Immunomodulatory effects of vitamin D(3) and bisphosphonates in nutritional osteoporosis in rats

V. M. Riasniy, L. I. Apukhovska, N. N. Veliky, I. O. Shymanskyy,
D. O. Labudzynskyi, S. V. Komisarenko

Palladin Institute of Biochemistry, National Academy of Sciences of Ukraine, Kyiv;
e-mail: Riasniy@ukr.net

The aim of this study was to determine the effectiveness of separate and combined administration of vitamin D3 and different forms of bis­phosphonate (disodium salt of methylenbisphosphonic acid dihydrate and alendronate) on the function of immune cells in rats with nutritional osteoporosis. It was shown that D-hypovitaminosis leads to reduced 25OHD3, which is a biomarker for vitamin D3 and disturbances of metabolic processes in bone tissue that correlated with osteoporosis manifestation. Immunologic disorders related to nutritional osteoporosis were accompanied by the decrease in phagocytic activity of granulocytes and impaired ability to produce bactericidal oxidants. Inhibition of B-cell immunity also occurred in pathol­gy. Thus, the present study revealed more pronounced immunomodulatory effects of vitamin D3 on phagocytic immunity, whereas bisphosphonates were effective in improving the humoral immune protection.

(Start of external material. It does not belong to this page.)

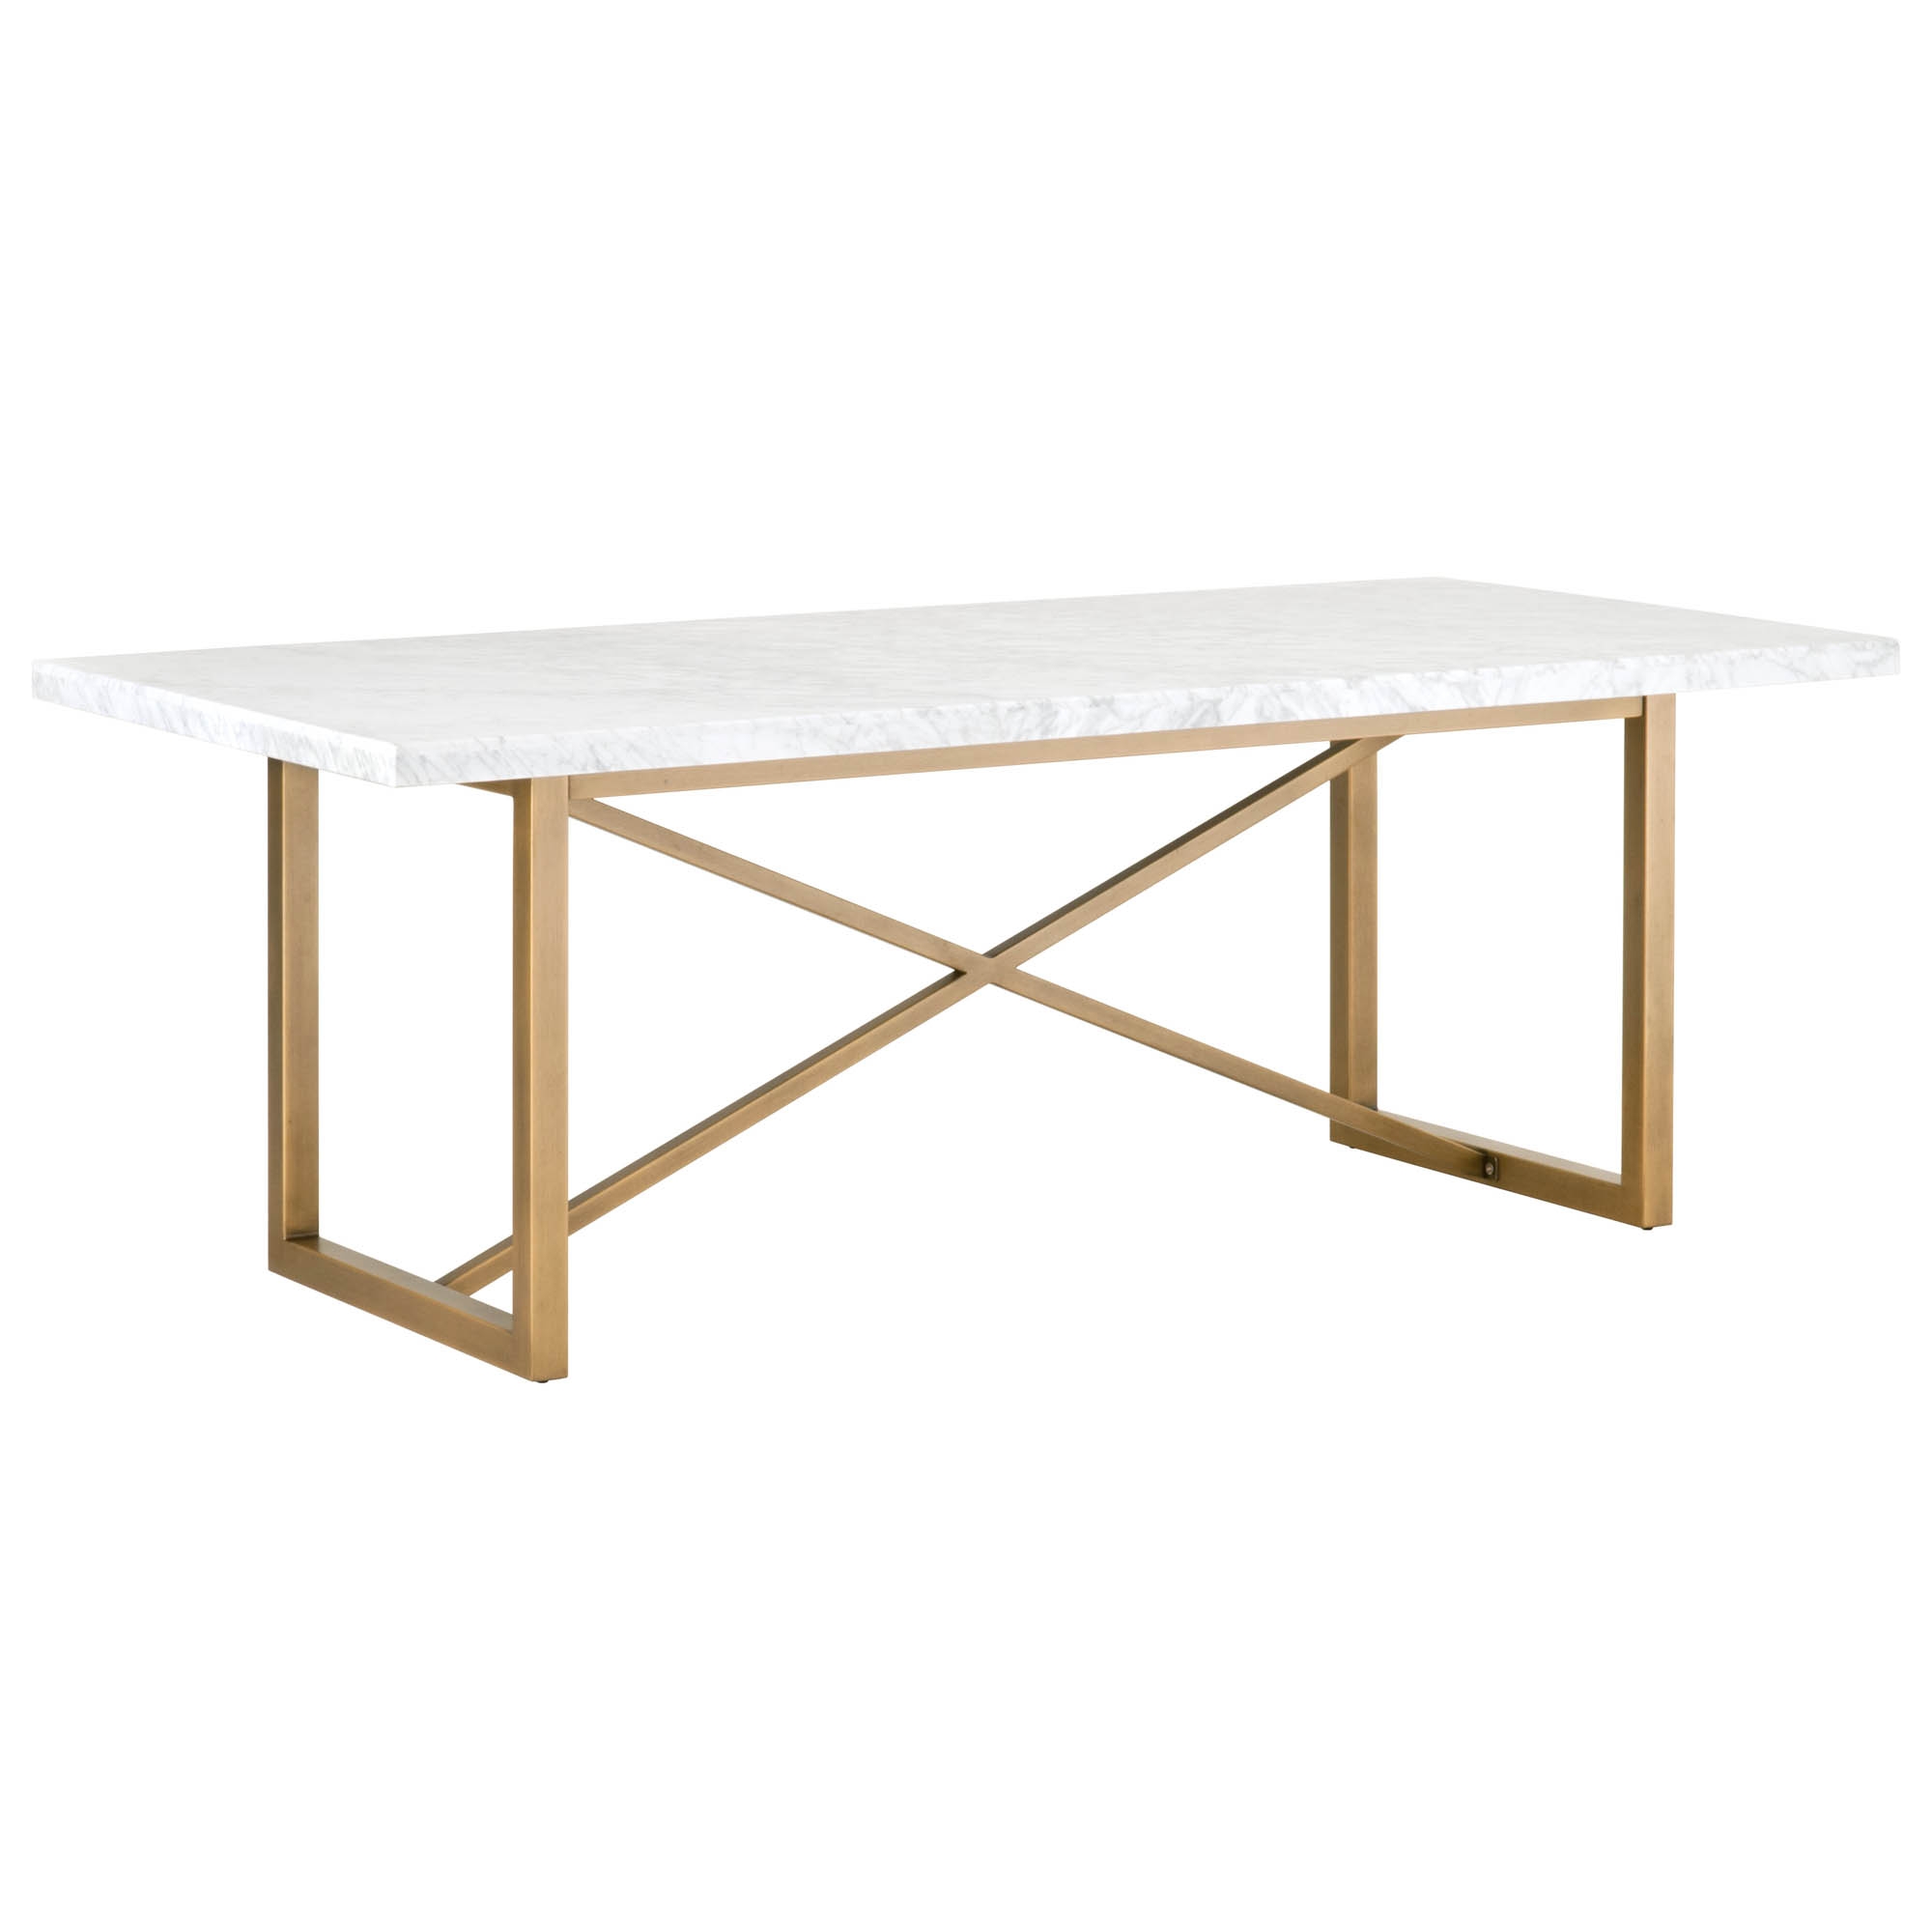 Carrera Dining Table, White & Gold - Image 1

Sweet taste of cell death: role of carbohydrate recognition systems

R. Bilyy, R. Stoika

Institute of Cell Biology, National Academy of Sciences of Ukraine, Lviv;
e-mail: r.bilyy@nas.gov.ua; stoika@cellbiol.lviv.ua

This paper describes a complicated way how the glycoepitops’ alterations on a surface of dying cells allow investigators to decipher specific mechanisms underlying cell restructuring at apoptosis. These glycoepitops are important at removal of fragments of dying cells from the body, which can be a cause of formation of the auto-antibodies.

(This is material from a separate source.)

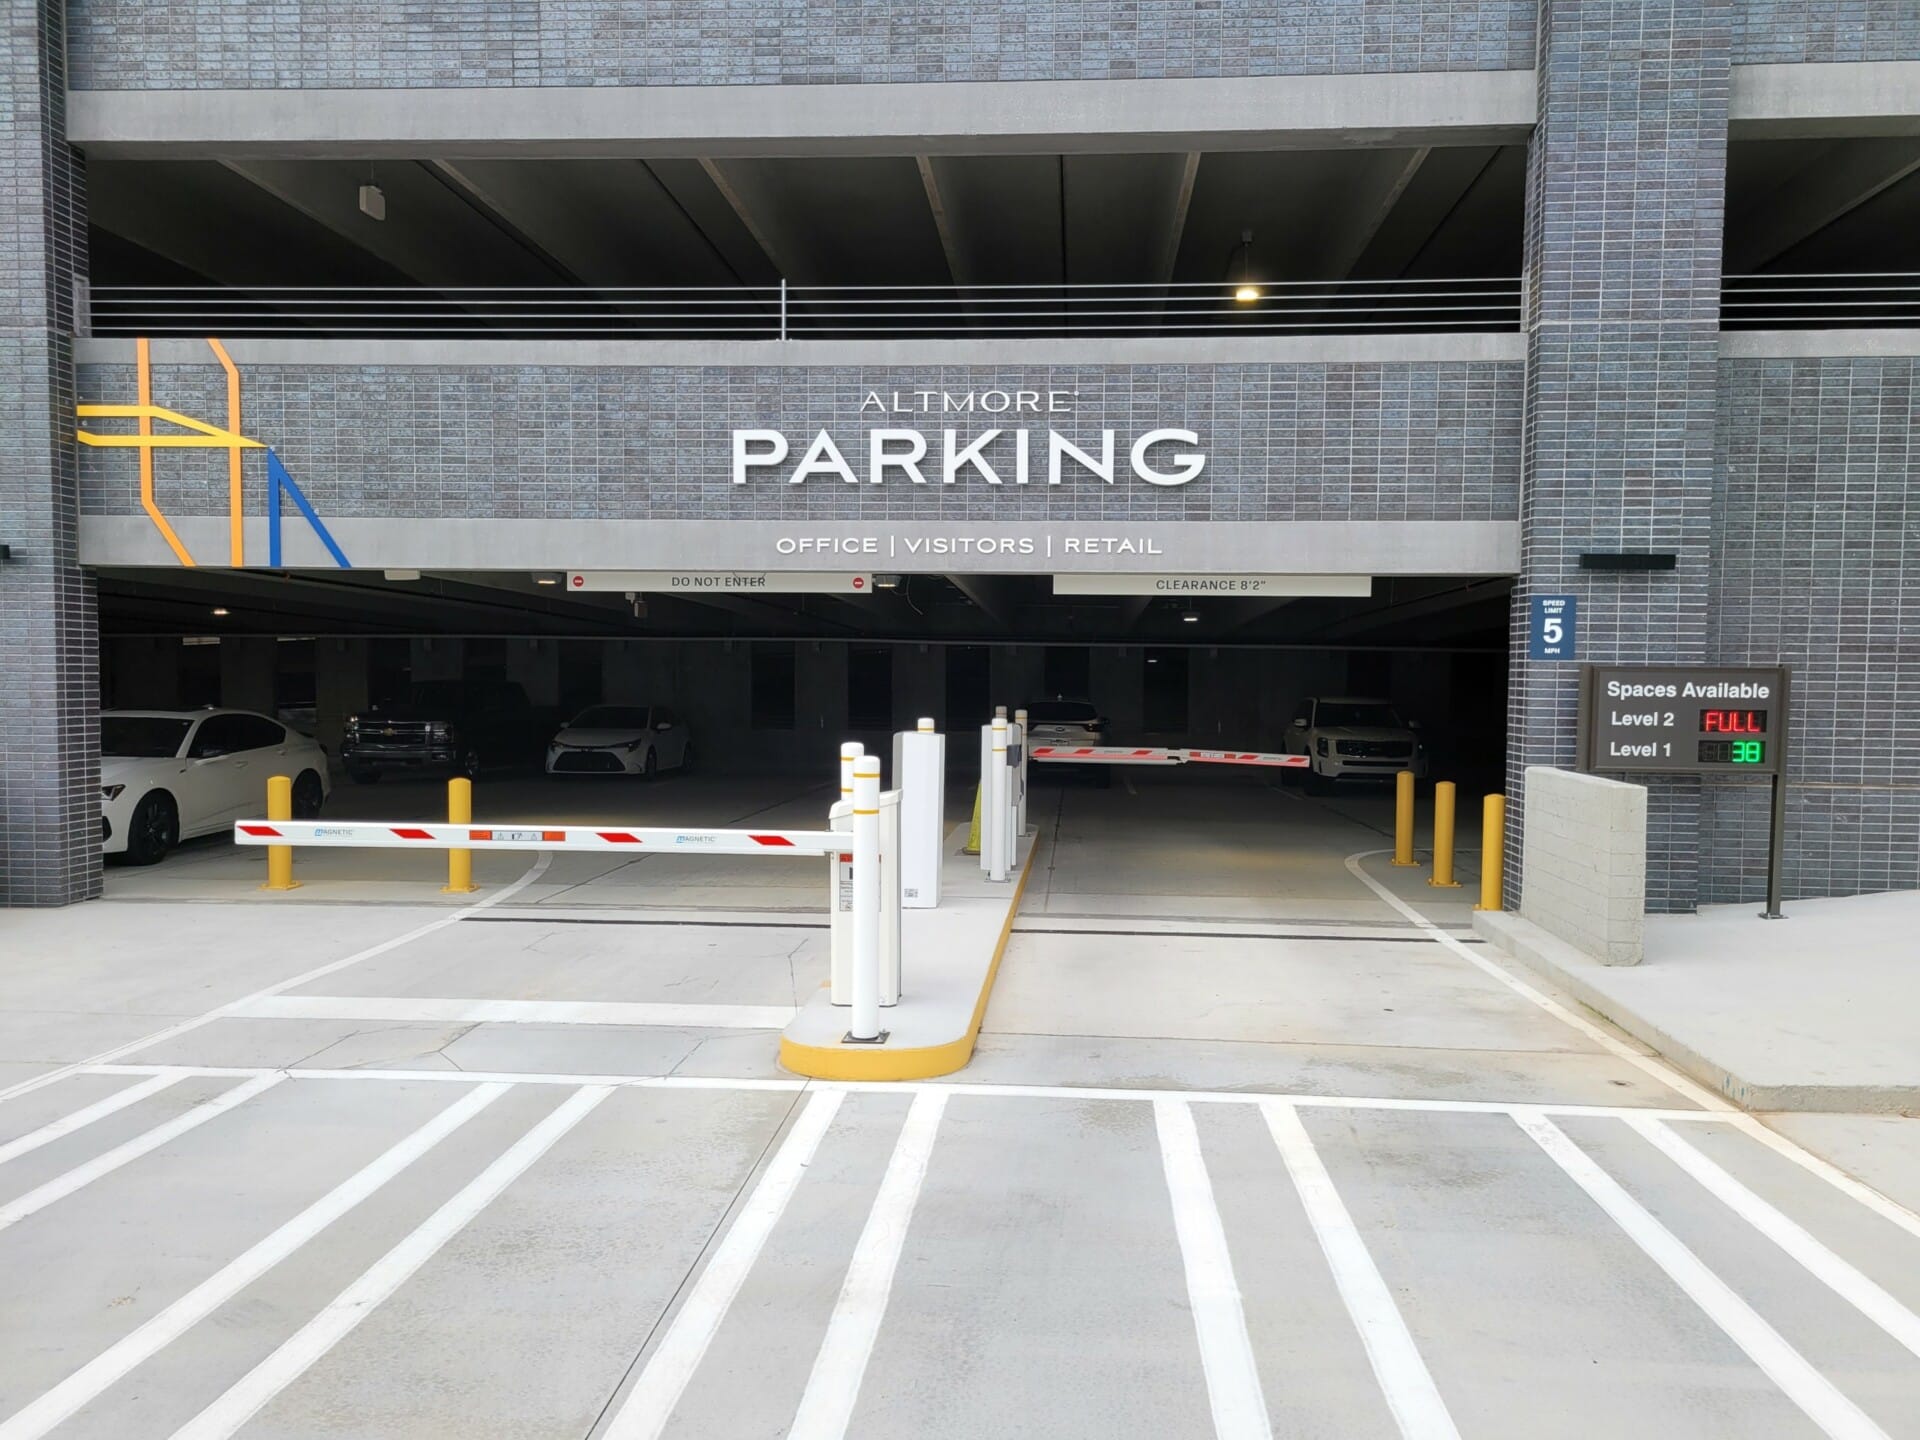 Digital sign shows Full or number of available parking spaces in a secure parking area with parking space tracking.

Vitamin D(3) availability and functional activity of peripheral blood phagocytes in experimental type 1 diabetes

D. О. Labudzynskyi, І. О. Shymanskyy, V. М. Riasnyi, М. М. Veliky

Palladin Institute of Biochemistry, National Academy of Sciences of Ukraine, Kyiv;
e-mail: konsument3@gmail.com

The study was devoted to identifying the relation between vitamin D3 availability (assessed by the level of circulatory 25OHD3), content of vitamin D3 25-hydroxylase isozymes CYP27A1 and CYP2R1 in hepatic tissue and functional activity of peripheral blood phagocytes in mice with experimental type 1 diabetes. It has been shown that diabetes is accompanied by the development of vitamin D3-deficiency which is characterized by decreased 25OHD3 content in blood serum and determined by changes in tissue expression of the major isoforms of vitamin D3 25-hydroxylase. The level of hepatic CYP27A1 was revealed to be markedly reduced with a concurrent significant augmentation of CYP2R1. Cholecalciferol administration resulted in normalization of tissue levels of both isoforms of vitamin D3 25-hydroxylase and blood serum 25OHD3 content. Diabetes-associated vitamin D3 deficiency correlated with a decrease in phagocytic activity of granulocytes and monocytes, and their ability to produce antibacterial biooxidants such as reactive oxygen and nitrogen forms. Vitamin D3 efficacy to attenuate these abnormalities of immune function was established, indicating an important immunoregulatory role of cholecalciferol in the phagocytic mechanism of antigens elimination implemented by granulocytes and monocytes.